Greatest Hits also contains plenty of Squeeze’s trademark Beatle-esque lite-rockers. “Another Nail in My Heart” bounces along effortlessly; “Pulling Mussels (From a Shell)”, rife with specifically — and sometimes quizzically — English imagery, virtually defines New Wave classicism.

Glenn Tilbrook’s voice — a smoother McCartney, if such a thing exists — is a double-edged sword: it does well with witty narratives but runs into trouble on the more emotional fare. For example, the tear-jerker “Last Time Forever” winds up sounding measured and dull instead of heartfelt. Likewise, on the faux R&B of “Hourglass”, he comes off as cute rather than clever. Only on the remarkable hit “Tempted”, where Tilbrook duets with on-again/off-again member Paul Carrack, does the band pull off anything resembling soulfulness.

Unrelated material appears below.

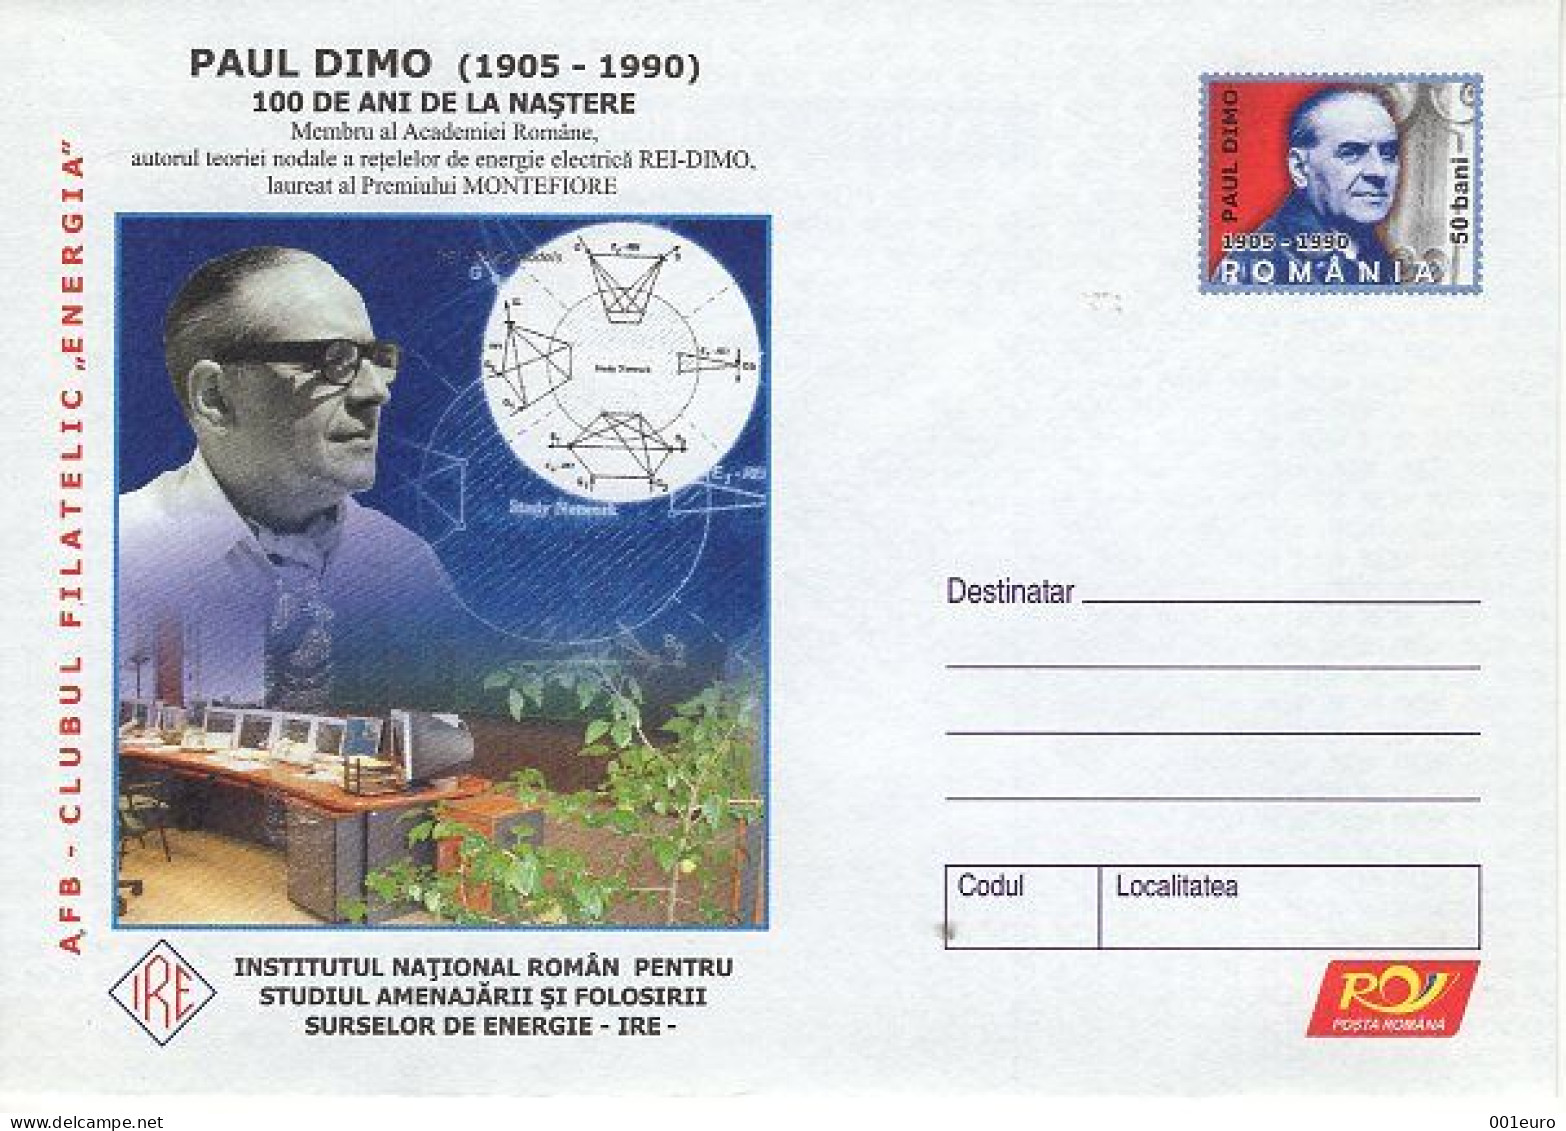 ROMANIA 066y2005: Paul Dimo, Energy & Computers, Unused Prepaid Postal Stationery Cover - Registered Shipping! - Entiers Postaux

Available in the UK since 1994, Greatest Hits surpasses their previous collection, Singles: 45’s and Under, only because it reproduces that record nearly verbatim, adding a few tracks from later albums and curiously omitting gems such as “If I Didn’t Love You” and “853-5937”. And unfortunately, it falls off in quality toward the end, as commercial obscurity drove the band to write simpler songs and more or less abandon their third-person narratives. For the most part, though, Squeeze operated squarely and expertly within the pop-rock boundaries that their tameness afforded them.

With songwriters as consistently good as Glenn Tilbrook and Chris Difford, a single disc compilation cannot cover all the bases. These 20 tracks instead provide an admirable, but not definitive portrait of a nearly great band.